Reputation: 3
The objective here is to check if a number is palindrome or not using recursion. Today is my first day with recursion so as you can see the code doesn't seem very convincing.
I tried to use print statements to see what was going wrong. The first time I ran the program I input '101'.'pal_Q' and 'temp' had the same value(101) however the output was 'The number is not a palindrome'.
I wasn't sure what was wrong so I ran it again inputting 22, but it still did not work. Is something wrong with my if statements? What is the bug?
private static int pal_Q = 0;
private static int originalNumber;
private static int i = 0;
public static void main(String[] args) {
Scanner sc = new Scanner(System.in);
System.out.println("Enter the number");
checkPal(sc.nextInt());
if (pal_Q == temp) {
System.out.println("The number is a palindrome");
}
else if (pal_Q != originalNumber) {
System.out.println("The number is not a palindrome");
}
}
public static int checkPal(int n) {
pal_Q *= 10;
if (i == 0) {
originalNumber = n;
i++;
}
if (n == 0) {
return 1;
}
pal_Q += n % 10;
System.out.print("Pal_Q=" + pal_Q + ", origNum=" + originalNumber);
System.out.println(", n=" + n + " " + (n % 10));
return checkPal(n / 10);
}
Upvotes: 0
Views: 6497
Reputation: 1369
If you want to learn about recursion, then you can also solve the problem above by converting the number to String
, because if we have to just check whether the number is palindrome or not, then it will be very easy to solve it by first converting the number into a String
(or character array). See the code below, check the isPalindrome()
method, and debug it to get the recursion working.
public static void main(String[] args) {
Scanner sc = new Scanner(System.in);
System.out.println("Enter the number");
String str = String.valueOf(sc.nextInt());
boolean isPalin = isPalindrome(str, 0, str.length() - 1);
if (isPalin) {
System.out.println("The number is a palindrome");
}
else {
System.out.println("The number is not a palindrome");
}
}
private static boolean isPalindrome(String num, int i, int j) {
if (i >= j) {
return true;
}
return num.charAt(i) == num.charAt(j) && isPalindrome(num, i + 1, j - 1);
}
Upvotes: 2
Reputation: 590
Using global scope or static variables to perform recursion is usually an indication of lack of fully grasping how recursion should work.

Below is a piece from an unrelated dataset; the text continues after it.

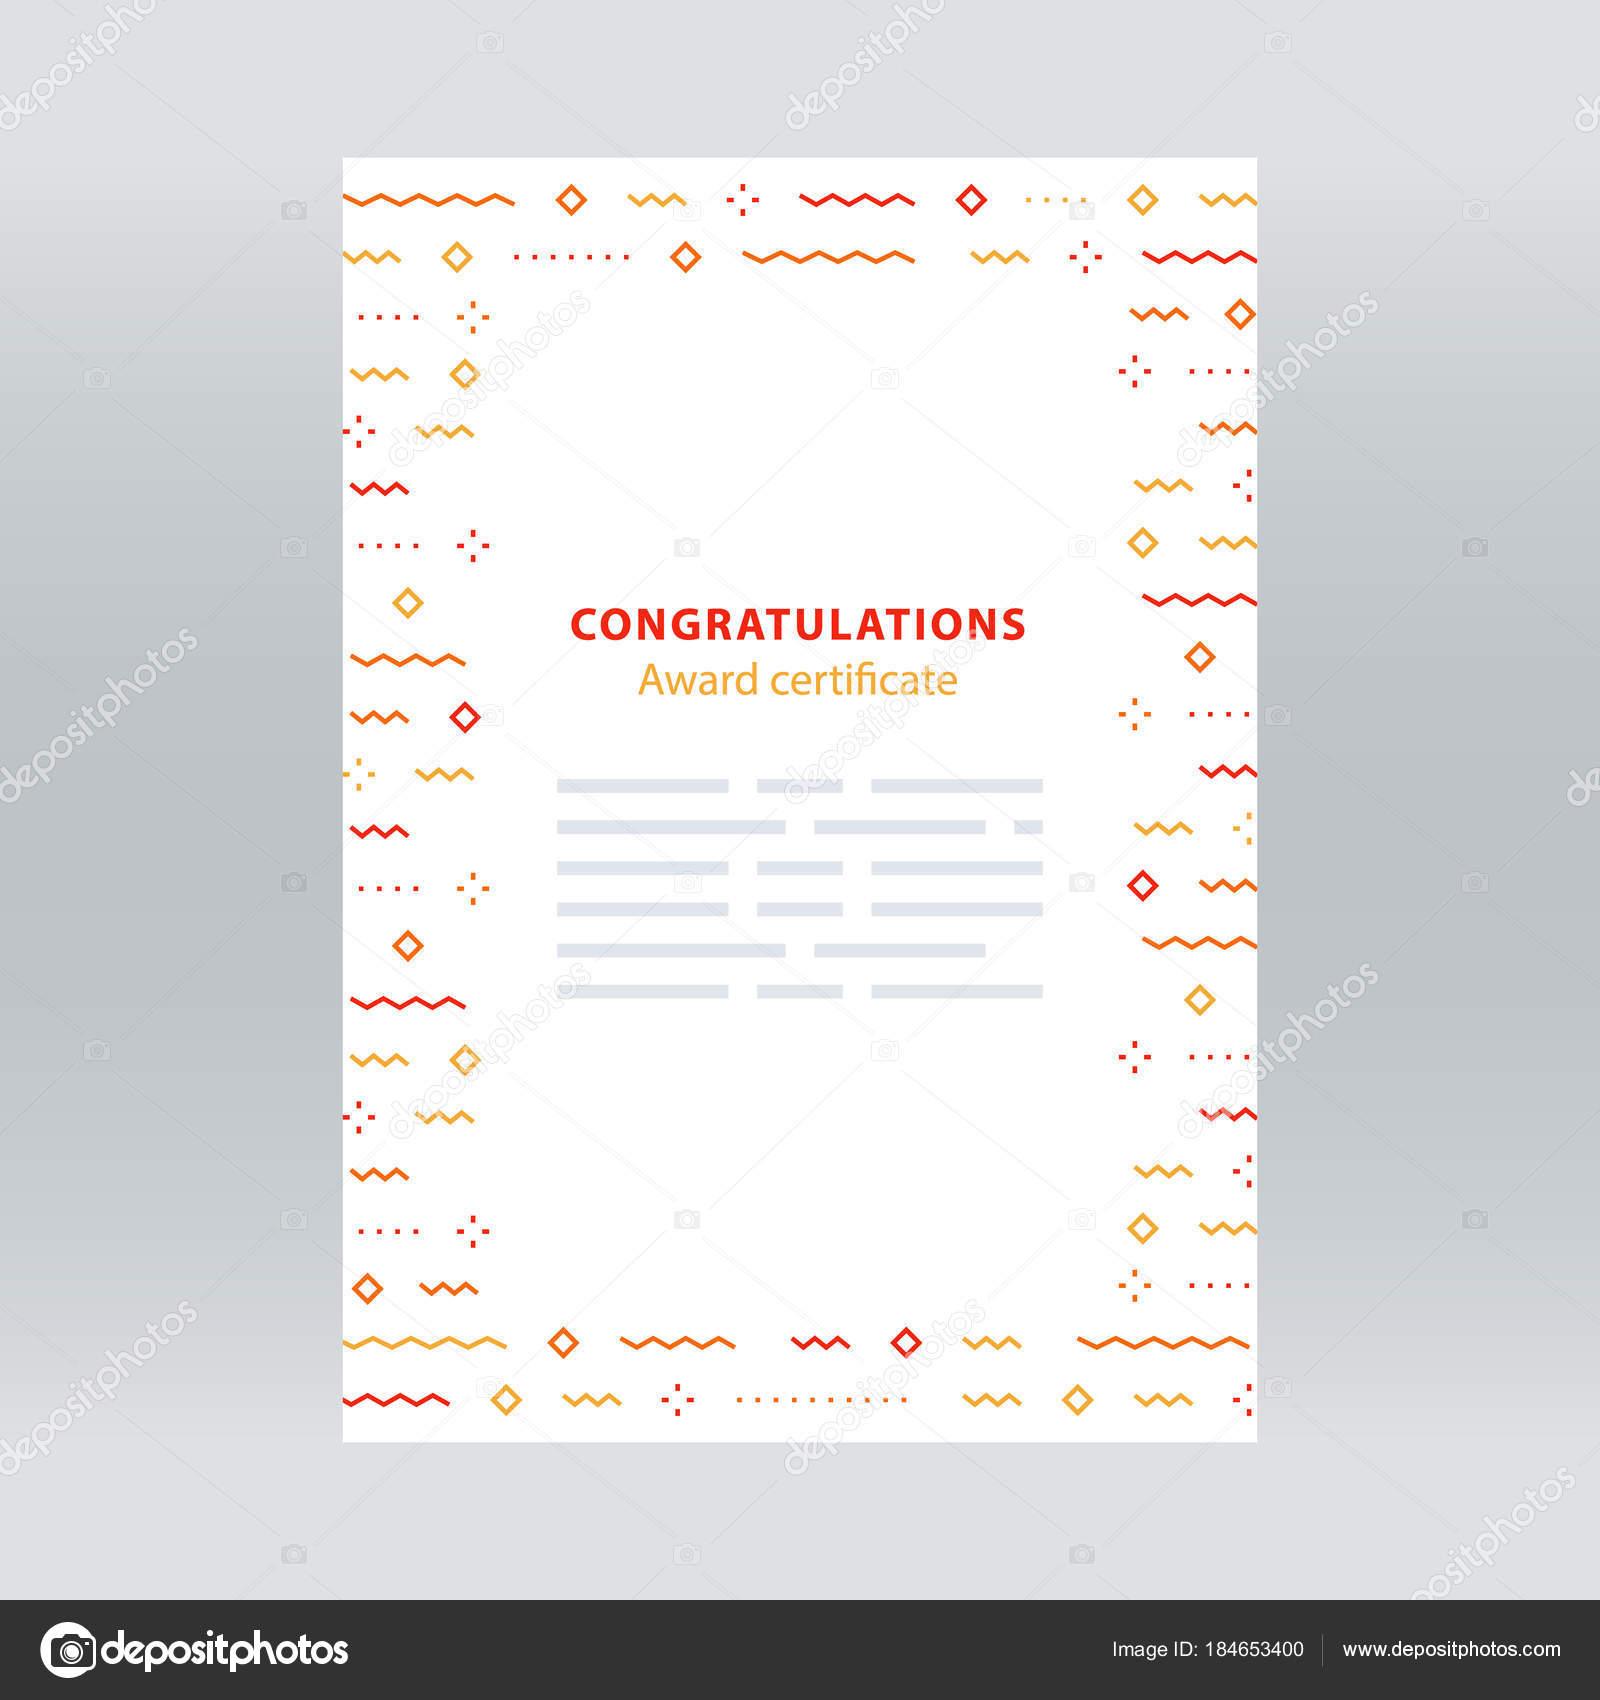 Festive border confetti background vector pattern minimalist award certificate border with falling confetti pattern abstract background minimalist festive decoration celebration backdrop concept vector line stopboris Images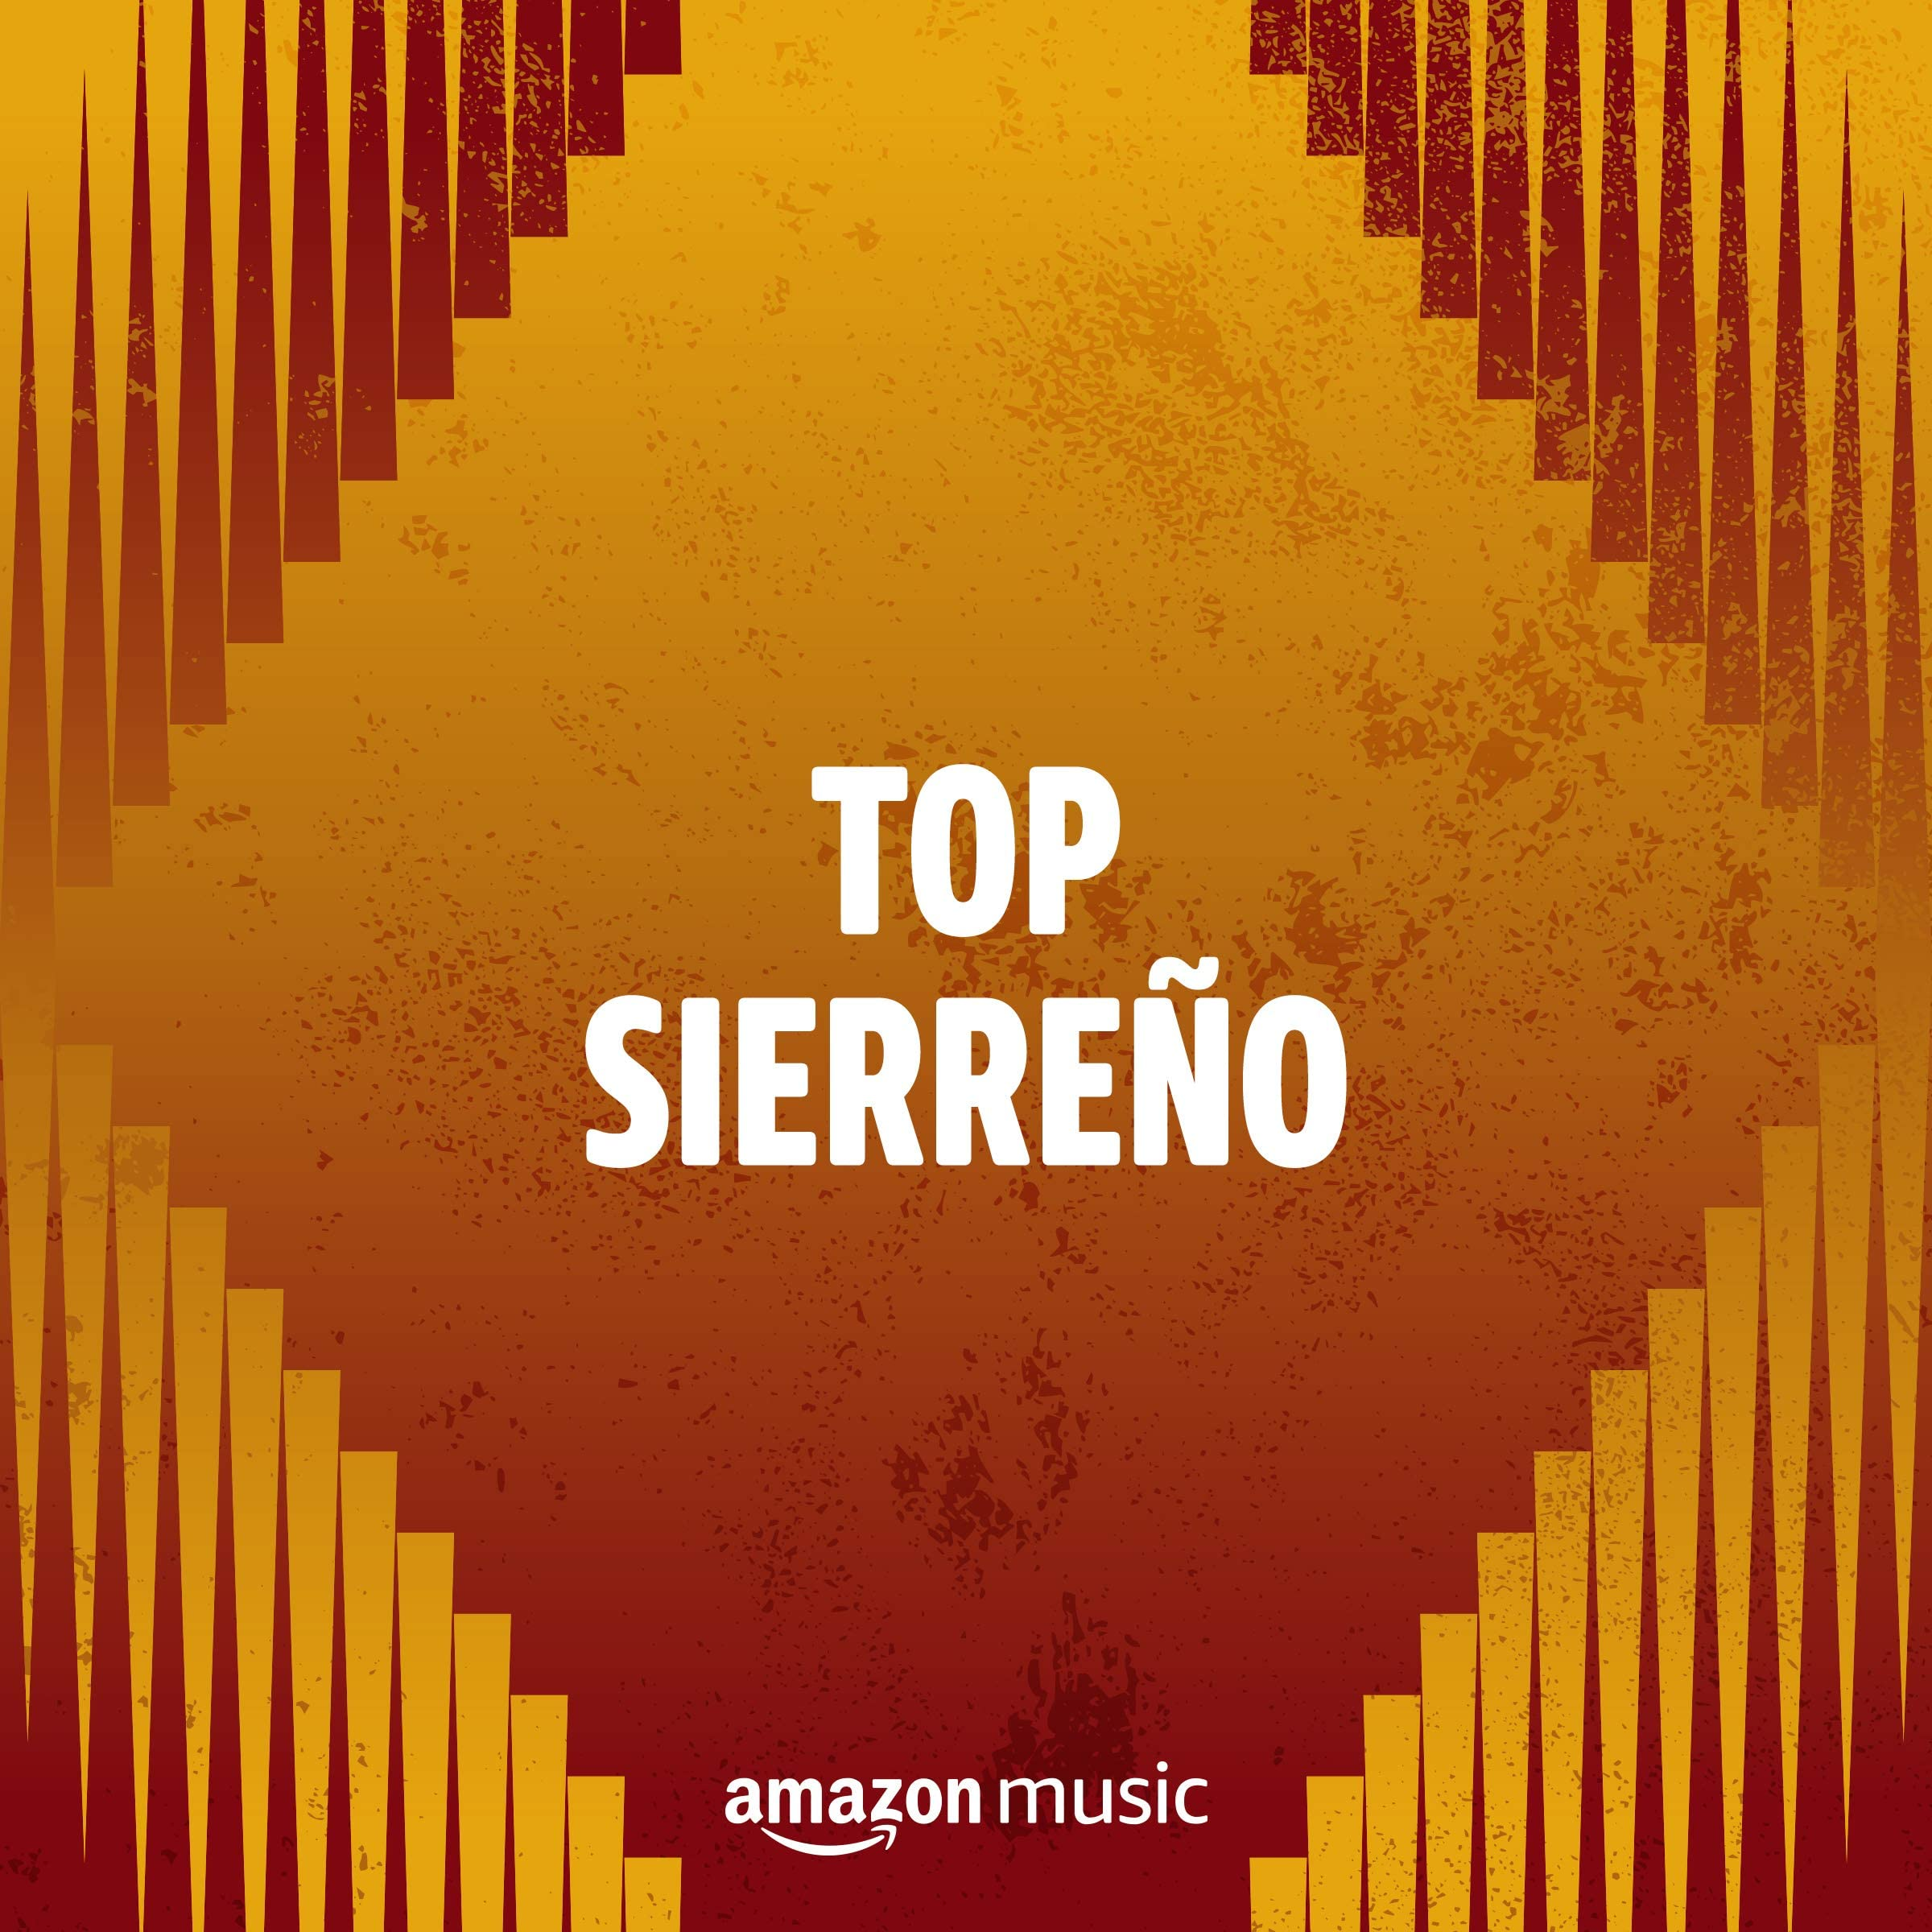 Top Sierreño

I suggest solving a few programming problems with trees and linked lists, those data structures are suitable for practicing and understanding recursion.
One possible solution to your problem, without converting the number to a String:
public class NumericPalindrome {
public static void main(String args[]) {
System.out.println(isNumericPalindrome(22)); // true
System.out.println(isNumericPalindrome(131)); // true
System.out.println(isNumericPalindrome(1)); // true
System.out.println(isNumericPalindrome(9987)); // false
System.out.println(isNumericPalindrome(1331)); // true
System.out.println(isNumericPalindrome(-1221)); // true
System.out.println(isNumericPalindrome(112112)); // false
}
public static boolean isNumericPalindrome(int n) {
// Define how negative numbers should be handled
if (n < 0)
n = Math.abs(n); // or n *= -1;
if (n < 10)
return true;
return isNumericPalindrome(n, n, 0);
}
private static boolean isNumericPalindrome(int original, int sliced, int pow) {
if (sliced < 10)
return sliced == original % 10;
return isNumericPalindrome(original, sliced / 10, pow + 1) &&
sliced % 10 == (original / (int) Math.pow(10, pow)) % 10;
}
}
Upvotes: 0
Reputation: 22997
@pbajpai21 provided an alternative solution, but I'm answering your original question.
The final value of pal_Q
is 7370
; you only need to divide it by 10, and then your code is correct.
checkPal(sc.nextInt());
if (pal_Q / 10 == temp) {
// Is palindrome
}
else {
// Is not a palindrome
}
Upvotes: 0
Reputation: 19855
Here's a solution which operates numerically rather than convert to String
. It has a simple public front-end, and uses a private back-end to do the recursion to hide the state checking info that the user shouldn't need to see or know.
import java.util.Scanner;
public class PalindromeChecker {
public static boolean isPalindrome(int number) {
return backend(number, 0, number);
}
private static boolean backend(int original, int reversed, int reduced) {
if (reversed == original) return true ;
if (reduced < 1) return false;
return backend(original, reversed * 10 + reduced % 10, reduced / 10);
}
public static void main(String[] args) {
Scanner sc = new Scanner(System.in);
System.out.println("Enter the number");
int number = sc.nextInt();
if (isPalindrome(number)) {
System.out.println("The number is a palindrome");
} else {
System.out.println("The number is not a palindrome");
}
sc.close();
}
}
In other languages, you could avoid the backend by using default values for the parameters.